## TASK INSTRUCTIONS
The lines below from the one with "Imagen del hombre" up to and including the one with "Lifesavers at Peregian Beach." are what you should set down, exactly and without pictures.

## RECORDS SUPPLIED
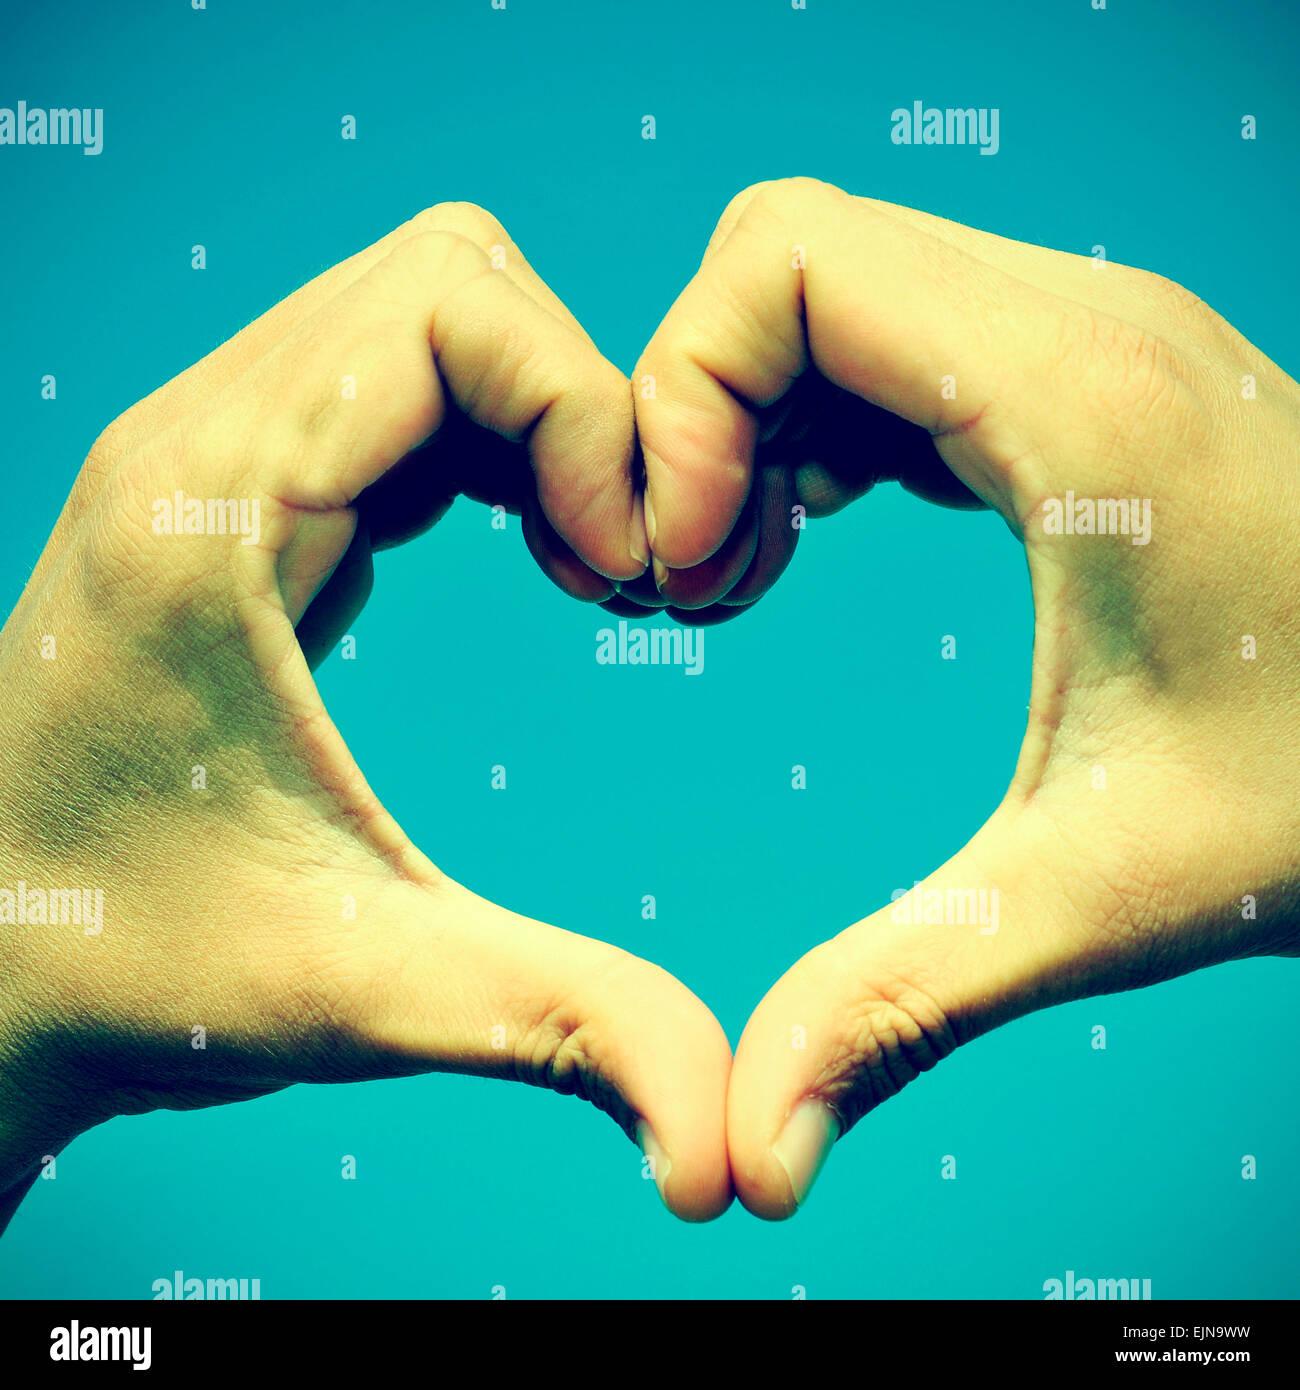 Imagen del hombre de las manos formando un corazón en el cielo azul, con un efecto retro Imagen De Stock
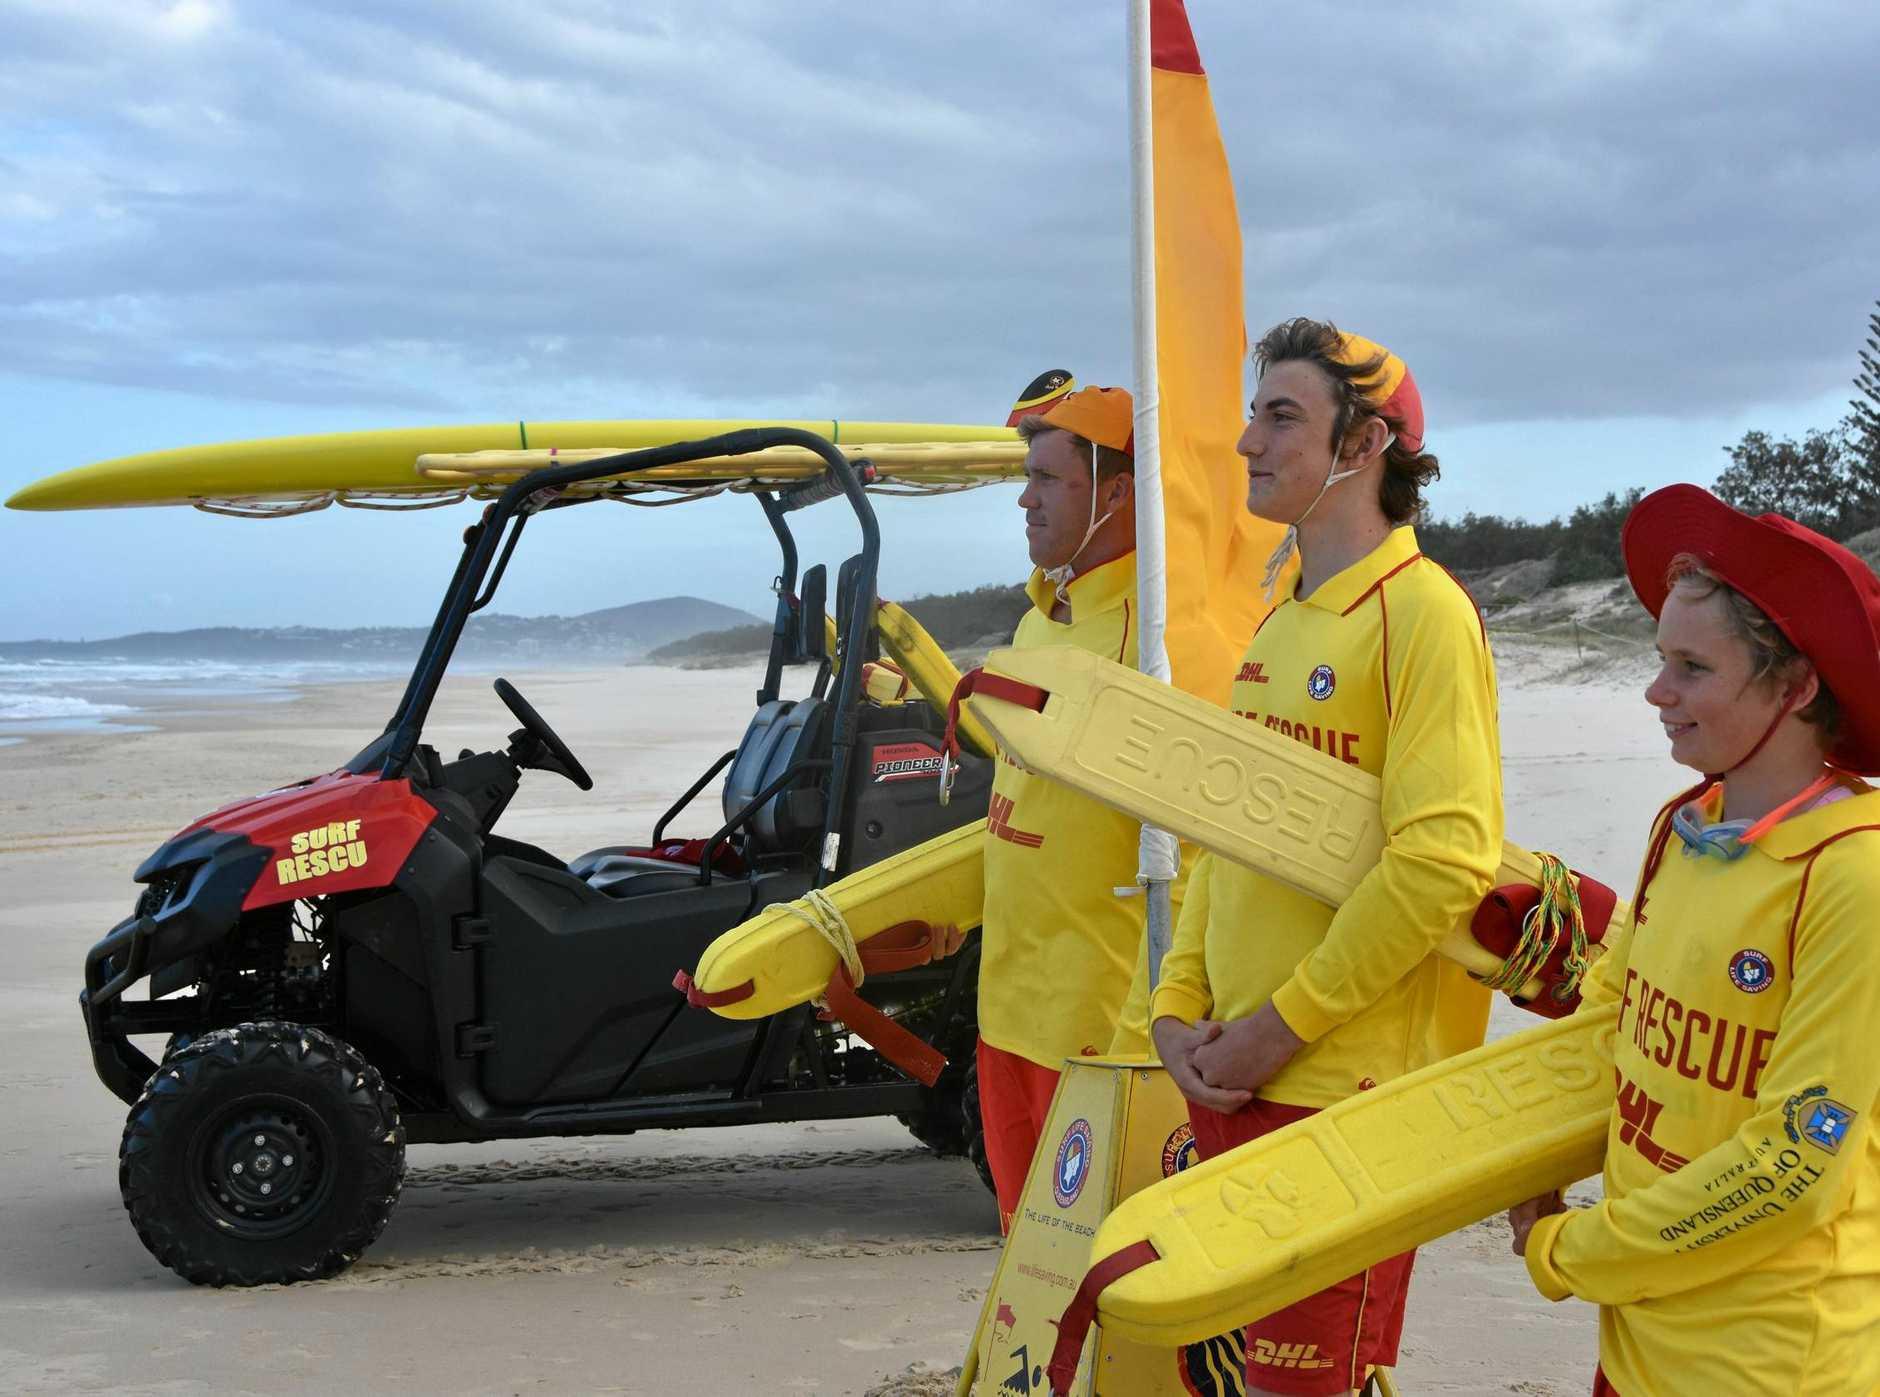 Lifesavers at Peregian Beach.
* * *
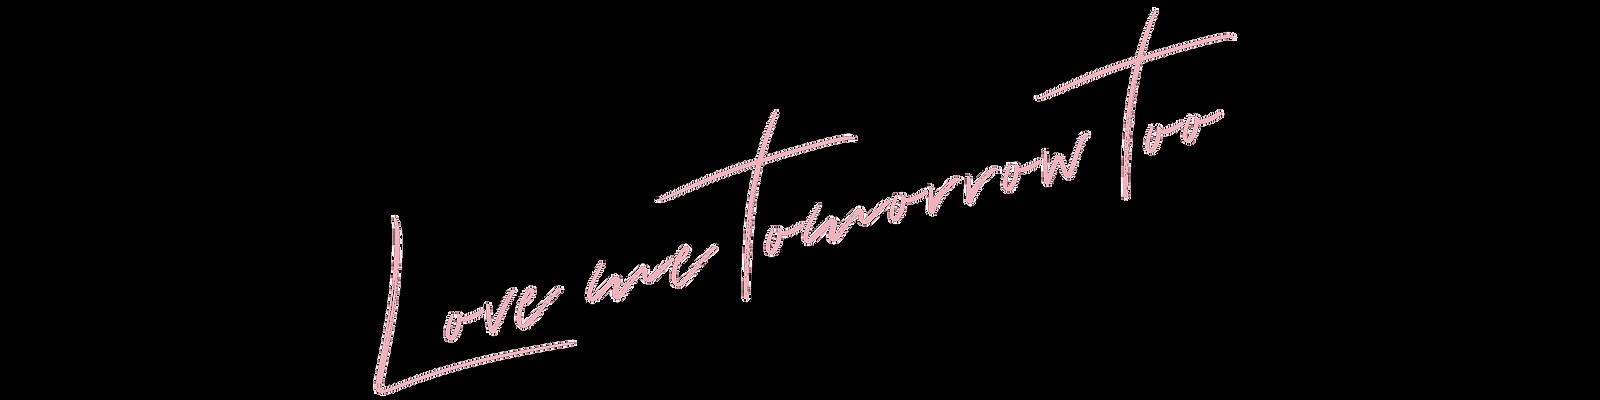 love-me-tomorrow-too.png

## PROBLEM SOLUTION
 Imagen del hombre de las manos formando un corazón en el cielo azul, con un efecto retro Imagen De Stock
 Lifesavers at Peregian Beach.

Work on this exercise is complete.